Re: [PATCH] x86/mm: Do not split_large_page() for set_kernel_text_rw()

From: Song Liu
Date: Mon Aug 26 2019 - 00:41:13 EST

Cc: Steven Rostedt and Suresh Siddha

Hi Peter,

> On Aug 23, 2019, at 2:36 AM, Peter Zijlstra <peterz@xxxxxxxxxxxxx> wrote:
> On Thu, Aug 22, 2019 at 10:23:35PM -0700, Song Liu wrote:
>> As 4k pages check was removed from cpa [1], set_kernel_text_rw() leads to
>> split_large_page() for all kernel text pages. This means a single kprobe
>> will put all kernel text in 4k pages:
>> root@ ~# grep ffff81000000- /sys/kernel/debug/page_tables/kernel
>> 0xffffffff81000000-0xffffffff82400000 20M ro PSE x pmd
>> root@ ~# echo ONE_KPROBE >> /sys/kernel/debug/tracing/kprobe_events
>> root@ ~# echo 1 > /sys/kernel/debug/tracing/events/kprobes/enable
>> root@ ~# grep ffff81000000- /sys/kernel/debug/page_tables/kernel
>> 0xffffffff81000000-0xffffffff82400000 20M ro x pte
>> To fix this issue, introduce CPA_FLIP_TEXT_RW to bypass "Text RO" check
>> in static_protections().
>> Two helper functions set_text_rw() and set_text_ro() are added to flip
>> _PAGE_RW bit for kernel text.
>> [1] commit 585948f4f695 ("x86/mm/cpa: Avoid the 4k pages check completely")
> ARGH; so this is because ftrace flips the whole kernel range to RW and
> back for giggles?

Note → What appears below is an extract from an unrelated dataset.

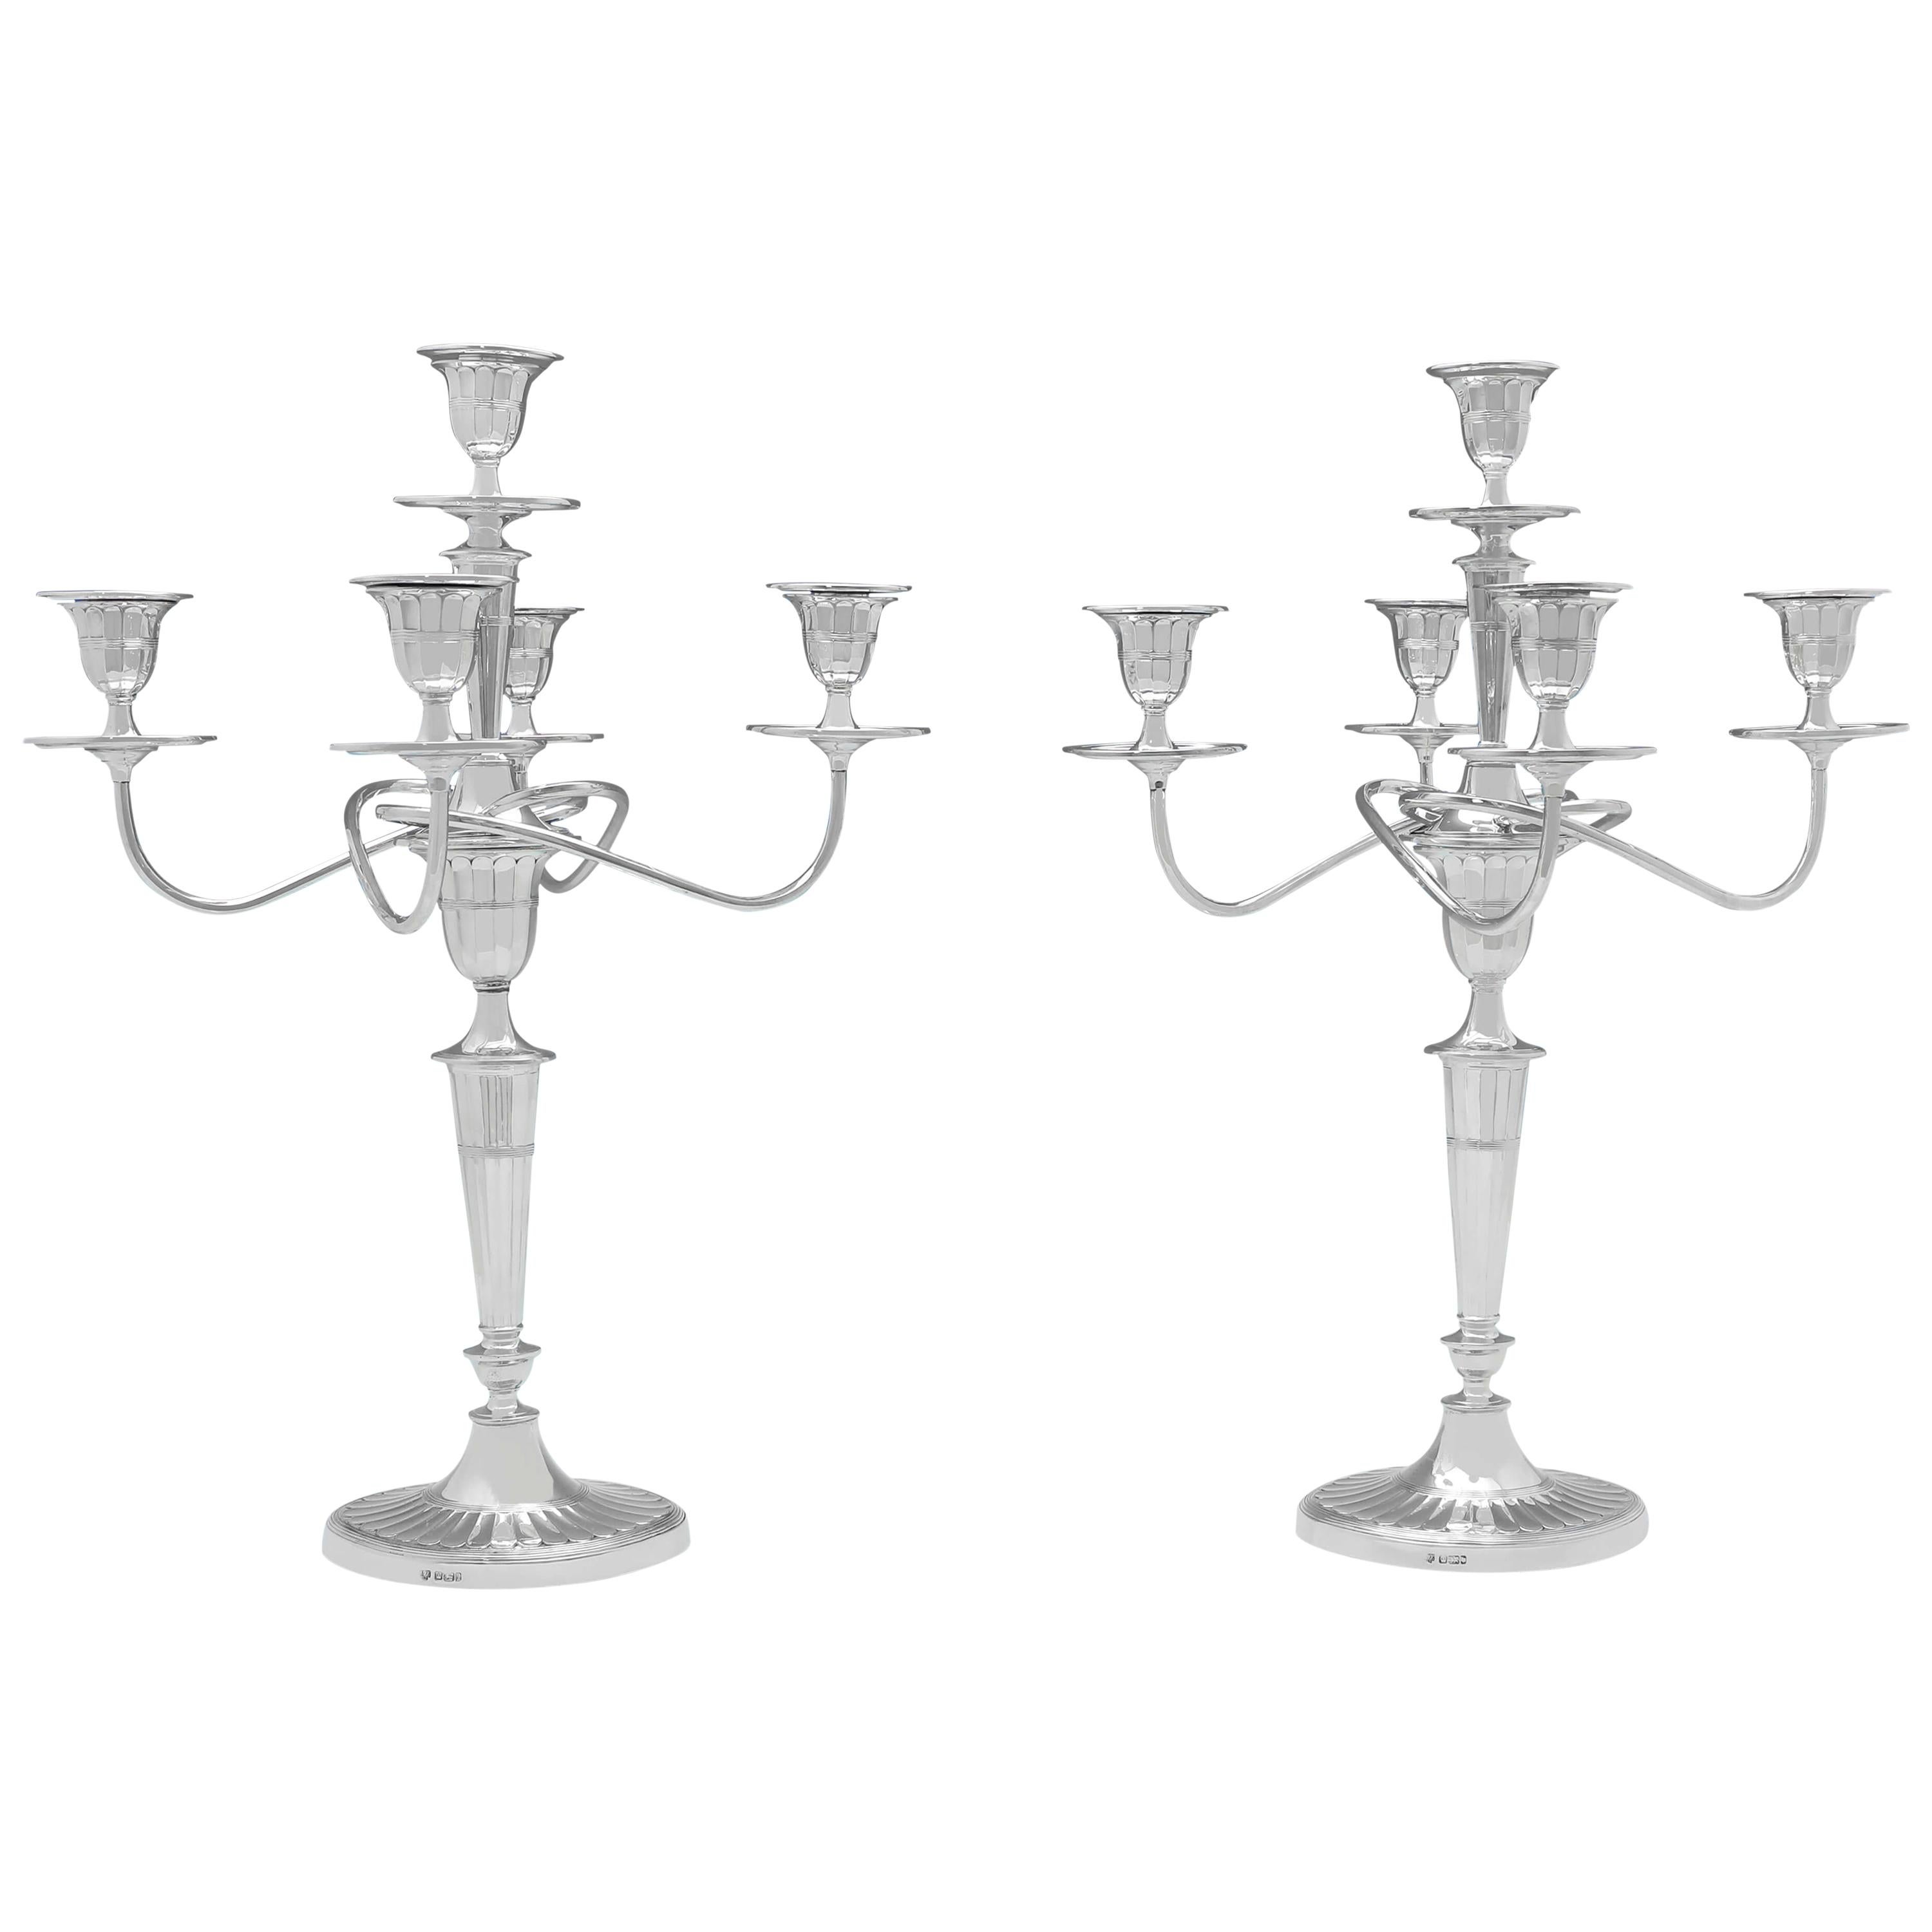 Paire de candélabres anciens à 5 lumières en argent sterling de style Batwing fabriqués en 1901

I'm thinking _that_ is a bug, it's a clear W^X
> violation.

Thanks for your comments. Yes, it is related to ftrace, as we have
CONFIG_KPROBES_ON_FTRACE. However, after digging around, I am not sure
what is the expected behavior.

Kernel text region has two mappings to it. For x86_64 and four-level
page table, there are:

1. kernel identity mapping, from 0xffff888000100000;
2. kernel text mapping, from 0xffffffff81000000,

Per comments in arch/x86/mm/init_64.c:set_kernel_text_rw():

* Make the kernel identity mapping for text RW. Kernel text
* mapping will always be RO. Refer to the comment in
* static_protections() in pageattr.c
set_memory_rw(start, (end - start) >> PAGE_SHIFT);

kprobe (with CONFIG_KPROBES_ON_FTRACE) should work on kernel identity

However, my experiment shows that kprobe actually operates on the
kernel text mapping (0xffffffff81000000-). It is the same w/ and w/o
CONFIG_KPROBES_ON_FTRACE. Therefore, I am not sure whether the comment
is out-dated (10-year old), or the kprobe is doing something wrong.

More information about the issue we are looking at.

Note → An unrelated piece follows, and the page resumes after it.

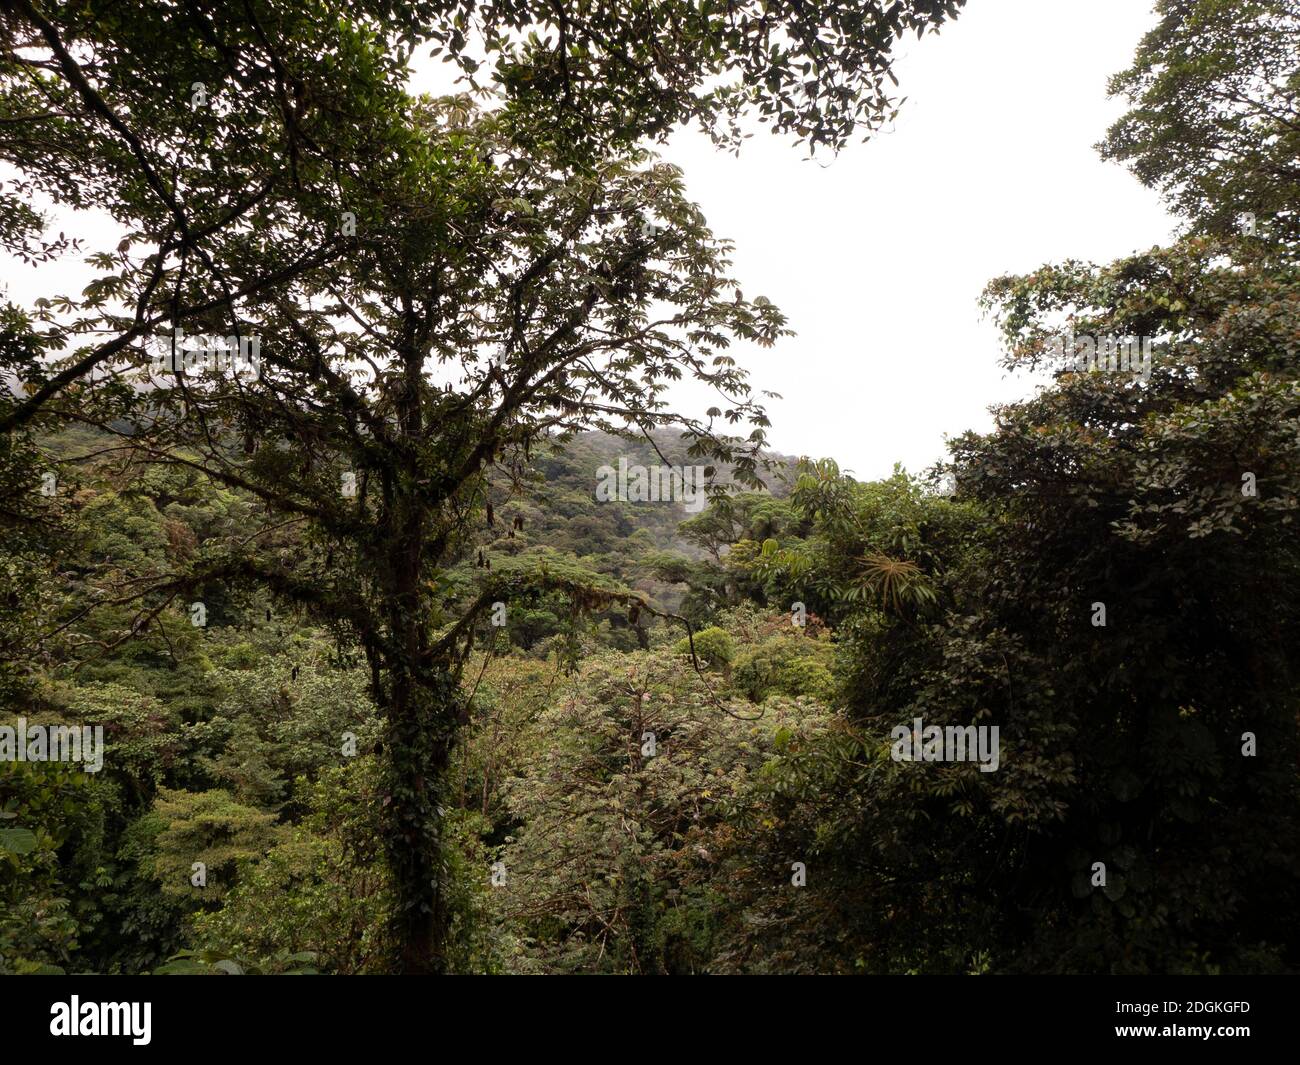 Wanderung durch den Regenwald in Costa Rica. Die Bäume streben gegen das Licht und sind sehr groß geworden. Epiphyten überwachsen jeden Baum. Stockfoto

We found with 5.2 kernel (no CONFIG_PAGE_TABLE_ISOLATION, w/
CONFIG_KPROBES_ON_FTRACE), a single kprobe will split _all_ PMDs in
kernel text mapping into pte-mapped pages. This increases iTLB
miss rate from about 300 per million instructions to about 700 per
million instructions (for the application I test with).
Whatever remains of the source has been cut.